Мальчик родился здоровый и очень смешливый, только вот, как его туго ни пеленали, даже и научившись ходить, удивлял всех необычайной кривизной толстых, словно поросячьи око-рочка, лодыжек, которые уже при его появлении на свет оказались расторопнее головы и ощупали воздух на прочность сразу следом за ступнями. Да. В том-то и дело: вошел он в дом ногами вперед, так же точно, как ушла из него его мать, и был, наверно, в том какой-то высший смысл, которого ни аульчане, ни домочадцы не постигали. Разве что сознавали, что ему от рождения суждено что-то такое, чего не под силу сделать другим. Но что бы ни было ему предписано, а вызывал он у многих брезгливость.
Спустя еще два года отпраздновали свадьбу. Туган женился вновь, сосватав на сей раз где-то в высокогорном Цамаде, под самым носом у озадаченных богов, долговязую молчунью без грудей и без возраста, будто хотел обрести в ней не столько жену, сколько сестру, дочь, а может быть, мать себе, ведь его настоящая мать — сухая болезненная старуха с несчастным лицом, чьего имени в ауле даже в день похорон так никто и не вспомнил, — умерла как раз за год с небольшим перед этим событием, заново просмолив поблекший было траур по первой Тугановой жене чернотой повязок на шапках.
Для аула она ушла совсем без следа. Но только не для отца.
Когда ее не стало (умерла она странно — сидя на корточках рядом с кроватью. Наверно, пыталась подняться, да не хватило сил, а звать на подмогу она не решилась. Так смерть ее и застала — крошечной, как подмерзший птенец, и сидящей, обхватив колени, уперев в ребро узких нар спину, в густой тишине комнаты, как-то вдруг принявшей не только очертания, но даже и запах гнезда), старик не находил себе места. Дни напролет он все ходил и ходил по двору, хадзару и раскисшей лужами улице, горя глазами, словно собирался что-то предпринять, да только никак не мог дождаться повода иль знака. Сперва он сильно похудел, потом серьезно заболел ногами. Они опухли и стали походить на перевязанные тесьмой столбы. Лишенный возможности самостоятельно передвигаться, теперь он часами сидел на коновязи, подогнув под себя упертые в брус и укутанные шкурой ноги, и все поигрывал огнивом, с которым отныне никогда не расставался, храня его в кожаном кармашке пояска вместе с пороховницей и пулями, в надежном соседстве с кинжалом, будто собрав под рукой воедино все то, что могло в любую минуту отомстить железом, выстрелом или огнем, случись вдруг такая необходимость. Старик подолгу сидел на коновязи и смотрел в сторону гор, завороженный тучами. У него было такое лицо, словно он слышал им воздух и то, что скрывалось за мнимой его прозрачностью. По вечерам, с трудом воротившись в дом, он долго кряхтел, пока устраивался за фынгом [10] Фынг — круглый стол-треножник (осет.).
, но потом в один присест уничтожал все то, что подносилось ему в качестве угощения. Затем неспешно запивал еду двумя ковшами воды, перебирая в промежутках между глотками бесчисленные ругательства и пугая домочадцев остановившимся взглядом да прятавшейся где-то на дне его прозорливой улыбкой.

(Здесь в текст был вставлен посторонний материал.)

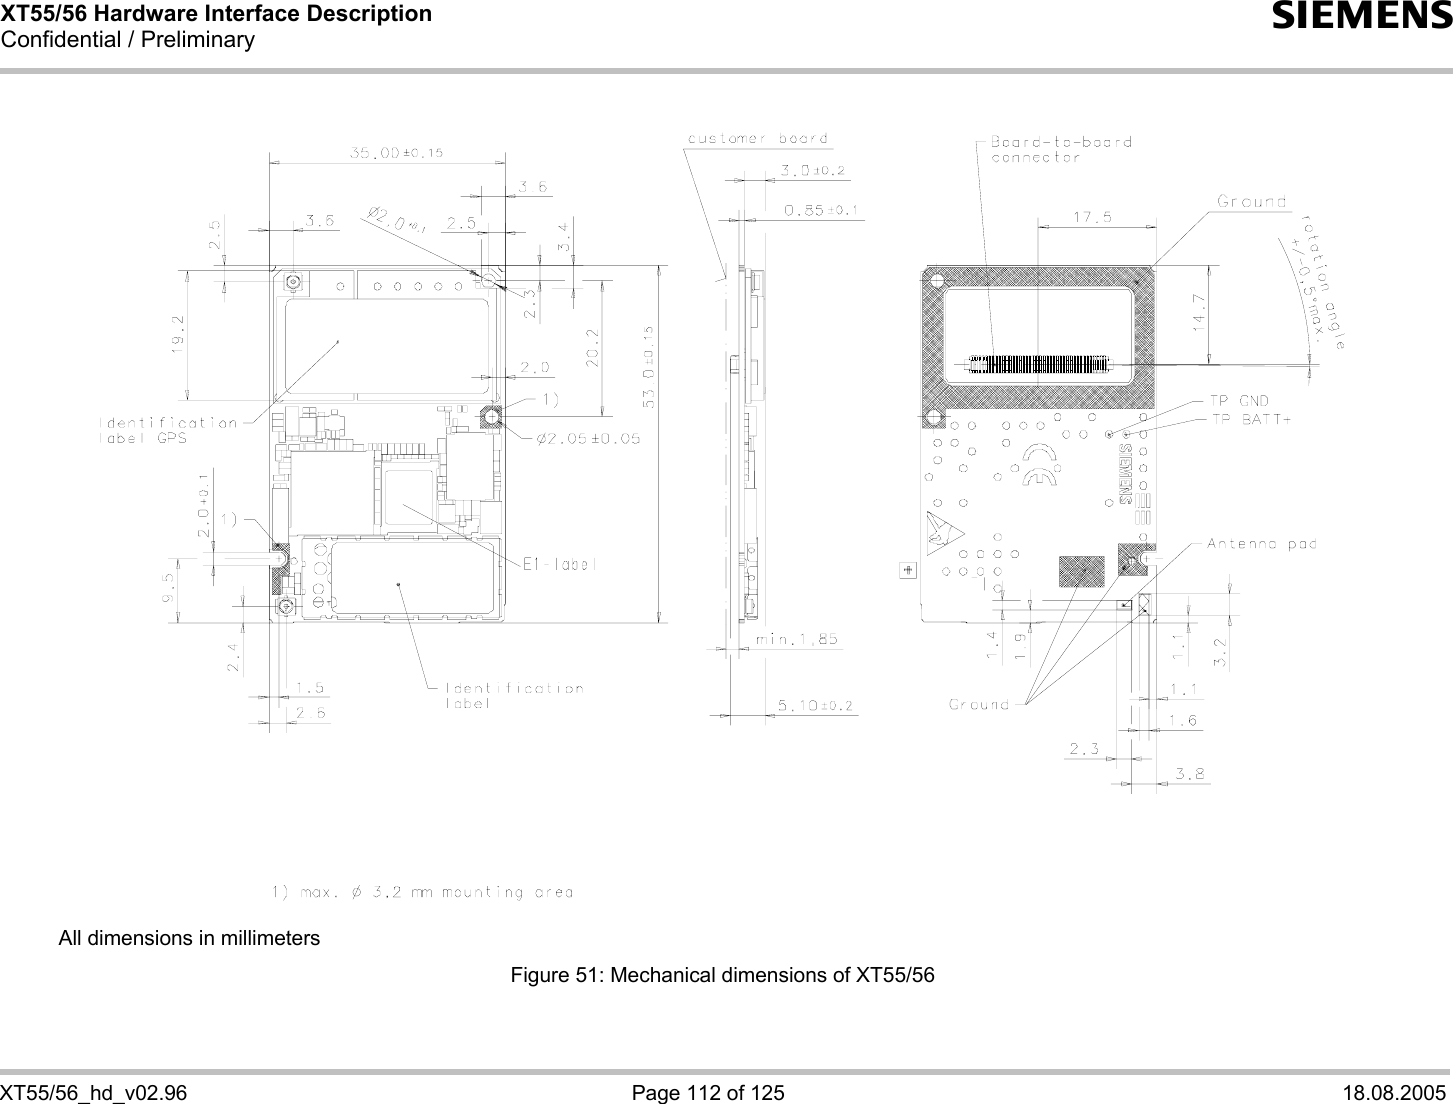 XT55/56 Hardware Interface Description Confidential / Preliminary s   XT55/56_hd_v02.96  Page 112 of 125  18.08.2005       All dimensions in millimeters Figure 51: Mechanical dimensions of XT55/56

Словно пытаясь восполнить вдруг наступившую с уходом жены пустоту, старик стремительно раздавался в размерах, превращаясь в огромную глыбу, которой вскоре стало непросто протиснуться в проем двери. Однако еще труднее было дважды в день, после завтрака и обеда, выносить эту глыбу на плечах к коновязи. Тяжесть колышущегося, рыхлого, но жесткого хваткой и беспощадного грузом тела давила на сыновей укором их собственной слабости, которую оба отчетливо ощущали всякий раз, как оказывались впряженными в растущую день ото дня неизбывную ношу.
Удивительным было то, что причиной подобного превращения была тщедушная старушка, чья незаметная, тихая жизнь озадачивала при встрече с ней каждого, кто еще совсем недавно и всякий раз внезапно натыкался на ее неожиданное существование. Пока она жила, ее появление на людях всех заставало врасплох: никто как будто по-настоящему не отдавал себе отчета в том, что она есть и что она жива. Младенцы тянулись подергать ее за морщины, как видно, путая повисшие упреком складки с гребешком ощипанного индюка. Женщины, в особенности вдовы, дивились тому, какое такое горе смогло сотворить из нее столько старости. Что же до мужчин, то, независимо от трезвости и прожитых лет, глядя на эту несчастную, они не могли избавиться от неприятного ощущения, что, прежде чем встретиться им на пути, она успела несколько раз помереть, ни разу, однако, того не заметив. Иными словами, для аула старушка вроде как не жила. Другое дело — семья.